The U.S. National Institutes of Health is looking for volunteers to take part in a study to compare the long-term benefits and risks of four widely used diabetes drugs in combination with metformin, the most common first-line medication for treating type 2 diabetes. Beginning recruitment in June, the project is called the Glycemia Reduction Approaches in Diabetes: A Comparative Effectiveness (GRADE) Study.
If metformin is not enough to help manage type 2 diabetes, a person’s doctor may add one of several other drugs to lower glucose (blood sugar). But while short-term studies have shown the efficacy of different drugs when used with metformin, there have been no long-term studies of which combination works best and has fewer side effects.
“Type 2 diabetes progresses slowly, over a long period of time,” said Barbara Linder, M.D., Ph.D., the GRADE project officer at the NIH’s National Institute of Diabetes and Digestive and Kidney Diseases. “This study will help us understand how different combinations of medications affect the disease over time, and ultimately help physicians make better choices for their patients’ long-term care.”
The study will compare drug effects on glucose levels, adverse effects, diabetes complications and quality of life over an average of nearly five years.
GRADE aims to enroll about 5,000 patients. Investigators at 37 study sites are seeking people diagnosed with type 2 diabetes within the last five years. They may be on metformin, but not on any other diabetes medication. During the study, all participants will take metformin, along with a second medication randomly assigned from among four classes of medications, all approved for use with metformin by the U.S. Food and Drug Administration.
Three of the classes of medications increase insulin levels. They are: sulfonylurea, which increases insulin levels directly; DPP-4 inhibitor, which indirectly increases insulin levels by increasing the effect of a naturally occurring intestinal hormone; and GLP-1 agonist, which increases the amount of insulin released in response to nutrients.
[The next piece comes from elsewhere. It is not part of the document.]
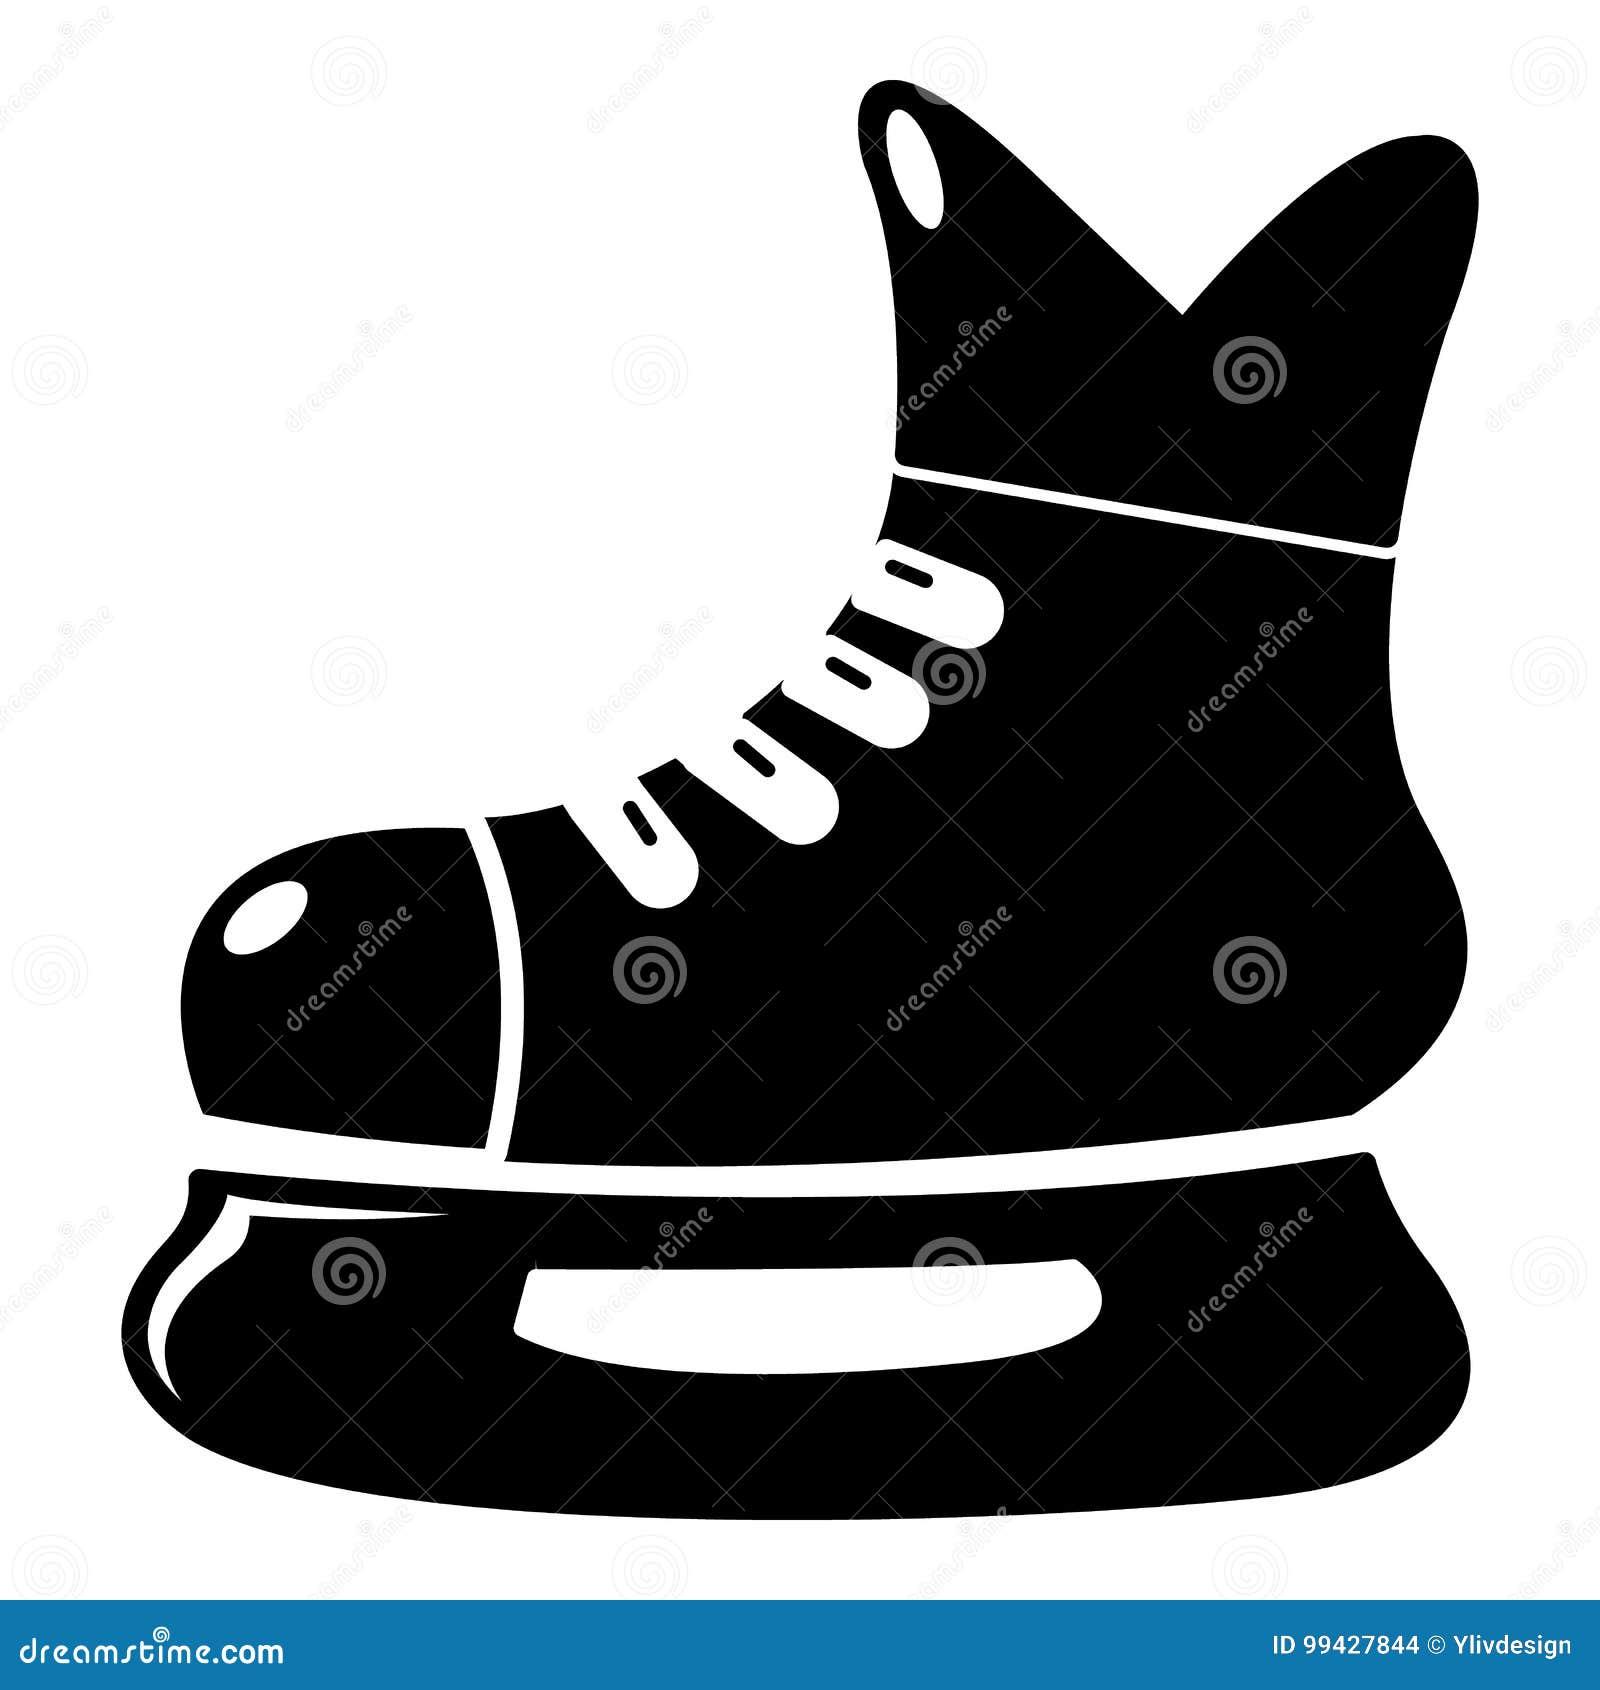 ic ne de patin de hockey sur glace style simple. Black Bedroom Furniture Sets. Home Design Ideas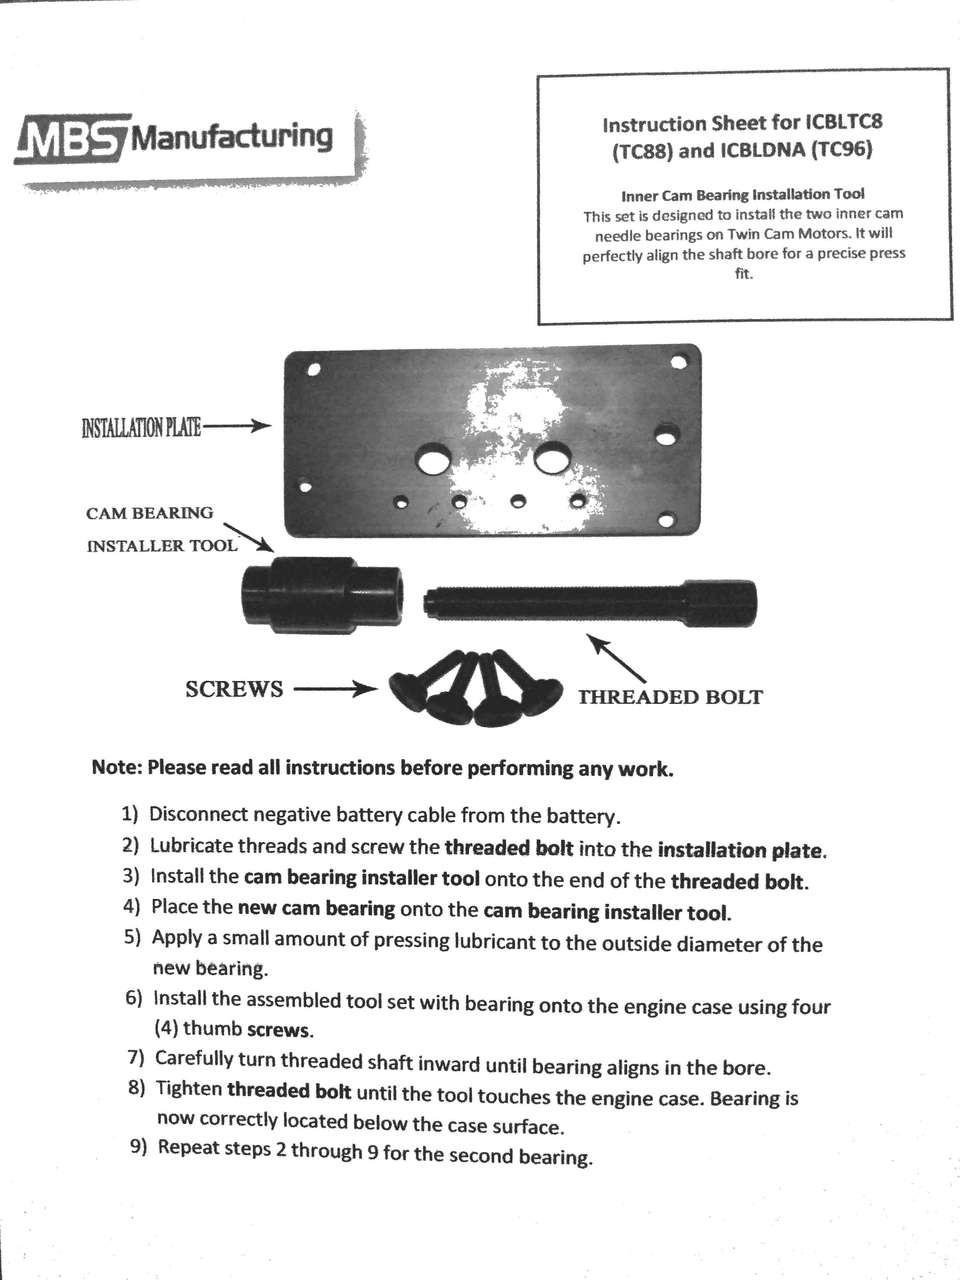 Harley Davidson TC 96 103 110 Dyna Twin Inner Cam Bearing Tools + B168 Bearings

The fourth type of medication is a long-acting insulin.
Participants will have their diabetes medications managed free of charge through the study, including at least four medical visits per year, but will receive other health care through their own providers.
“What differentiates GRADE from previous studies is that it will perform a head-to-head comprehensive comparison of the most commonly used drugs over a long period of time,” said David M. Nathan, M.D., of Massachusetts General Hospital, Boston. Nathan and John Lachin, Sc.D., of The George Washington University, Washington, D.C., are co-principal investigators.
“In addition to determining which medications control blood glucose levels most effectively over time, we hope to examine individual factors that are associated with better or worse response to the different medications,” Nathan said. “This should provide understanding of how to personalize the treatment of diabetes.”
GRADE (ClinicalTrials.gov number: NCT01794143) is supported under NIH grant U01DK098246. Additional support in the form of donation of supplies for GRADE comes from the National Diabetes Education Program, Sanofi-Aventis, Bristol-Myers Squibb, Novo Nordisk, Merck, BD Medical and Roche Diagnostics.